A nightmare seemed to weigh upon the palace and its occupants; for in addition to grief for their beloved prince, which saddened many a heart, the dread of death and the desert wind paralyzed alike the energy of mind and body.
Here in the immediate vicinity of the throne where, in former days, all eyes had sparkled with hope, ambition, gratitude, fear, loyalty, or hate, Hosea now encountered only drooping heads and downcast looks.
Bai, the second prophet of Amon, alone seemed untouched alike by sorrow, anxiety, or the enervating atmosphere of the day; he greeted the warrior in the ante-room as vigorously and cheerily as ever, and assured him— though in the lowest whisper—that no one thought of holding him responsible for the misdeeds of his people. But when Hosea volunteered the acknowledgment that, at the moment of his summons to the king, he had been in the act of going to the commander-in-chief to beg a release from military service, the priest interrupted him to remind him of the debt of gratitude he, Bai, owed to him as the preserver of his life. Then he added that he would make every effort in his power to keep him in the army and show that the Egyptians—even against Pharaoh’s will, or which he would speak farther with him privately—knew how to honor genuine merit without distinction of person or birth.

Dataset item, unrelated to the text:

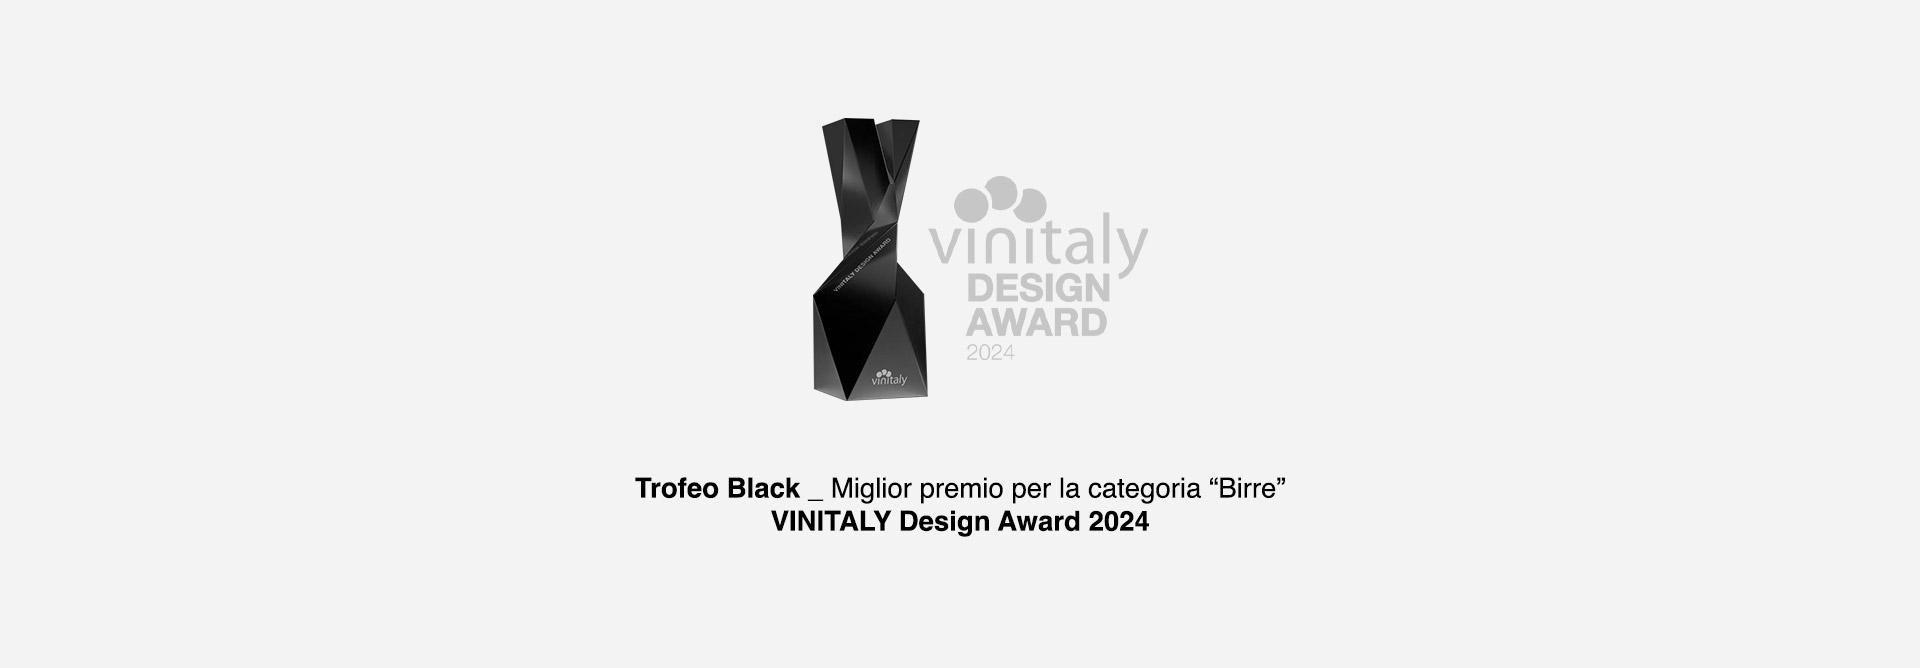 davidescarpantonio-dsigndscipline-vinitaly-2024-trofeo-black-1

The Hebrew had little time to repeat his resolve; the head chamberlain interrupted them to lead Hosea into the presence of the “good god.”
The sovereign awaited Hosea in the smaller audience-room adjoining the royal apartments.
It was a stately chamber, and to-day looked more spacious than when, as of yore, it was filled with obsequious throngs. Only a few courtiers and priests, with some of the queen’s ladies-in-waiting, all clad in deep mourning, stood in groups near the throne. Opposite to Pharaoh, squatting in a circle on the floor, were the king’s councillors and interpreters, each adorned with an ostrich plume.